Музыкальное откровение Рахманинова тоже излучает свет. Голоса колоколов вызванивают эту прелюдию. То — тихие, как отзвуки, как память, как прошлое. То — громкие, как «сейчас», как «всегда», как звучат они в вечности.
Колокола — символ русской истории. Большой Годуновский колокол появился после Ивана Грозного, Ермака и времён освоения Сибири. Русь стала расширяться, идти в разные стороны света. Эти ли просторы породили колокольную мощь или сила звука покорила такие дали — не столь важно. Чем неохватнее будут пространства,
Европа раскачивала колокол, Русь — язык. Колокол висел. Он мог наливаться тяжестью. Увеличиваться в размерах.
Когда гудит колокол — это не один тон, это огромное созвучие. Большой колокол даёт самые низкие звуки. Длина волны этих «басов» даёт возможность идти звуку очень далеко.

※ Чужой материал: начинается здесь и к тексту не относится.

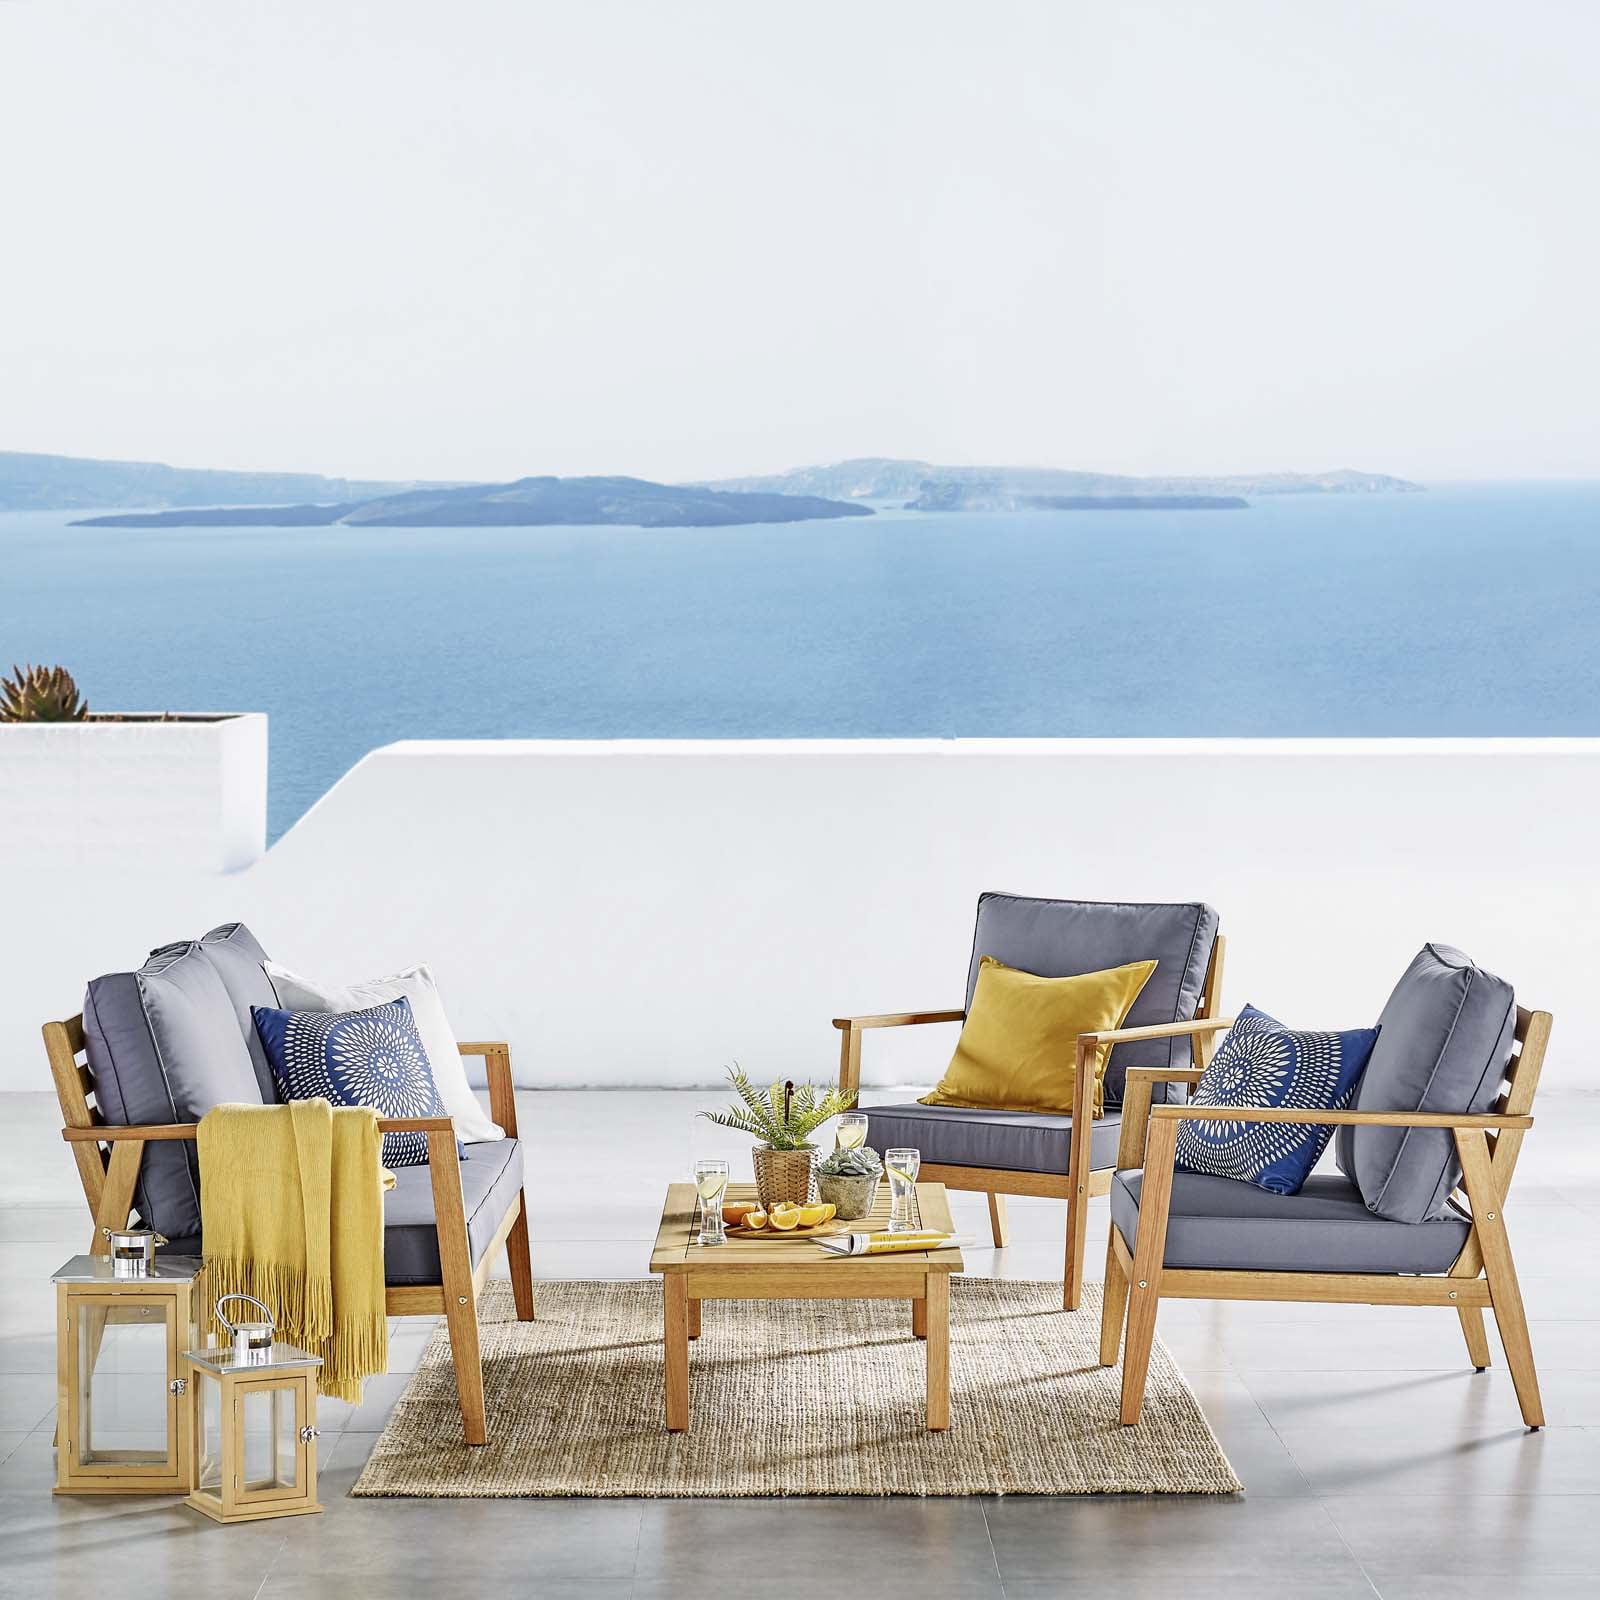 syracuse eucalyptus wood outdoor patio 4 piece furniture set in natural gray
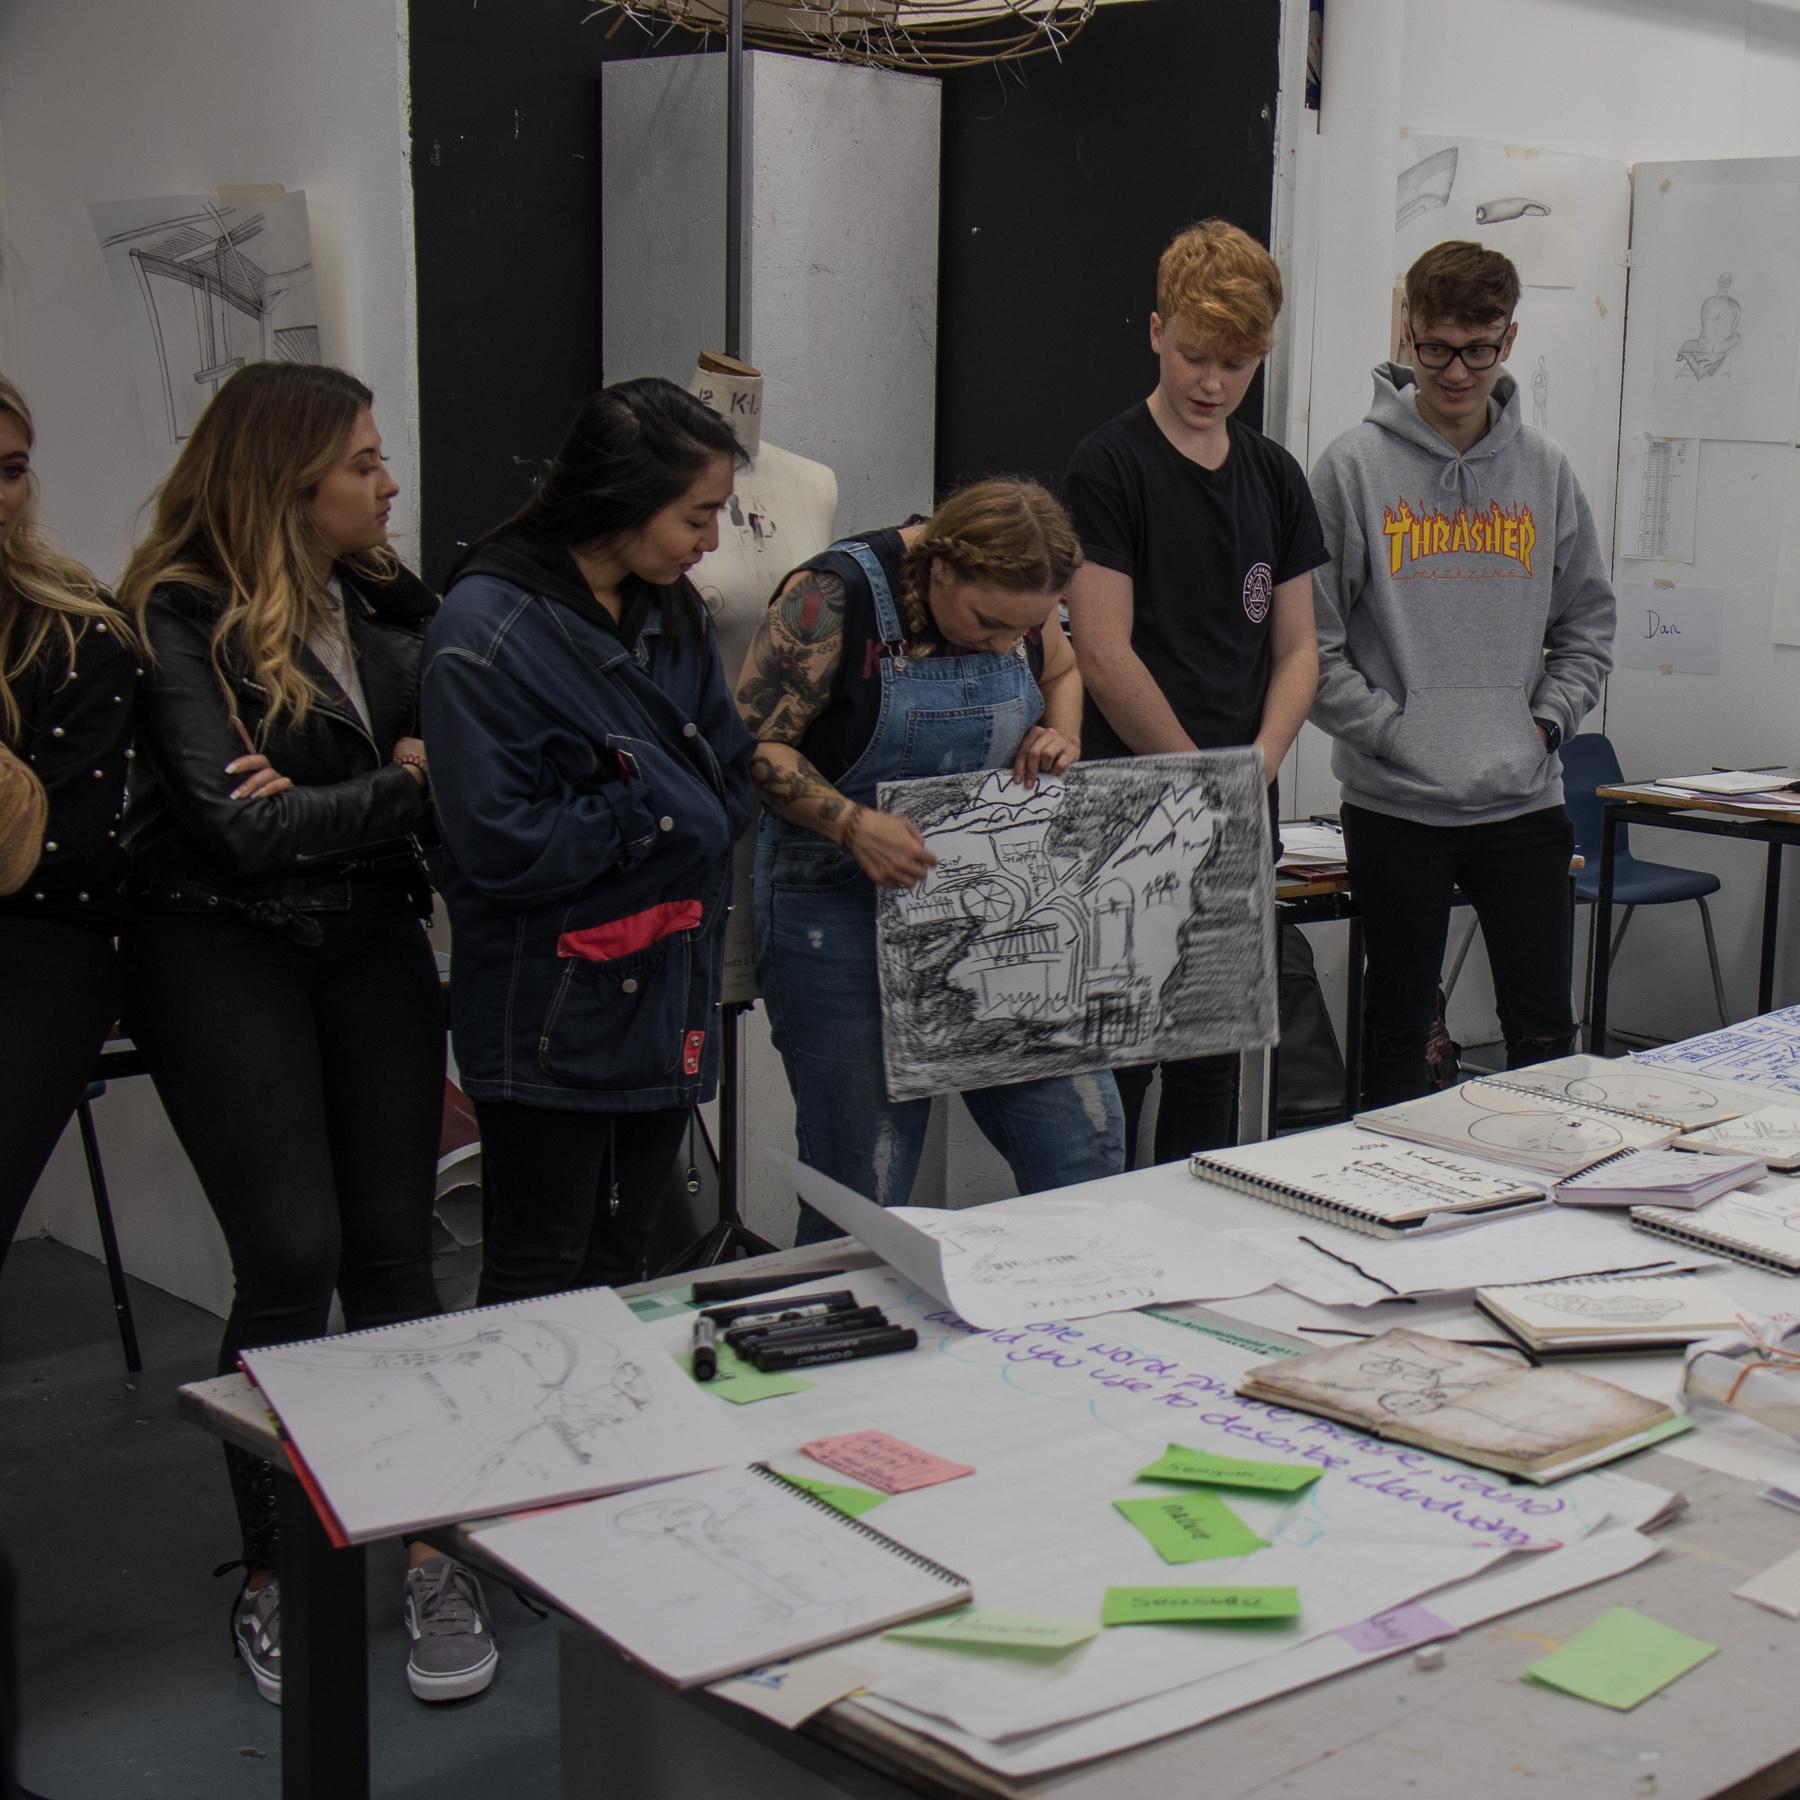 coleg llandrillo workshop (3 of 29).jpg

Колокольный гул плывёт над землёй, огибая холмы, овраги, леса, крутые берега, отражась в озёрах… После Смуты Российская земля разбегалась, как гоголевская тройка, вширь и вдаль. Гул расходился на невообразимые расстояния. Москва, Коломна, Звенигород могли переговариваться звонами.
Европа тоже знавала большие колокола. И всё же предпочитала этим невероятным аккордам более простые звучания. Небольшому пространству нужна была звуковая «горизонталь». Рождались куранты (они вызванивали заданные мелодии), рождались карийоны [30] (на них играли целые пьесы). Россия чаяла «вертикали», больших колоколов, всё более тяжёлых, гулких, вплоть до великанов с именем Царь-колокол. Гигант Григорьева поражал иностранцев: удар его — когда воздух дрожал — напоминал удары грома.
30
Диатонически и хроматически настроенные колокола с клавишным механизмом.
Но в пожарах гибли эти медные голоса. Перегорали канаты, колокол падал, разлетался на черепки. Их собирали, бросали в печь, их металл вливался в нового исполина, как григорьевский Царь-колокол влился в Царь-колокол Моториных. Дух соборности, всеобщности ощутим и в этом литье, и в самом звоне.
Колокол мог быть отлит в поминовение. И каждый удар становился молитвой, звуковой иконой. Колокол сливал воедино и жизнь земную, и жизнь небесную. В год рождения прелюдии появится и стихотворение Константина Фофанова. Оно скажет об этом:
…Ах, когда б до небесного лона Мог найти очарованный путь, — На волне колокольного звона В голубых небесах потонуть!..Вобрать в себя осколки предшественника, голосом слить воедино многоярусные аккорды, стянуть пространства, собрать земли, соединить души людские, живые и почившие… Прелюдия Рахманинова — целый собор колоколов. Эти многоступенные звоны — как разновысокие луковицы русских церквей. И проступают очертания пространства звонов — с приглушённых, едва различимых тонов, с нарастанием громкости — ко всё более отчётливым ударам, отчаянным, трагическим.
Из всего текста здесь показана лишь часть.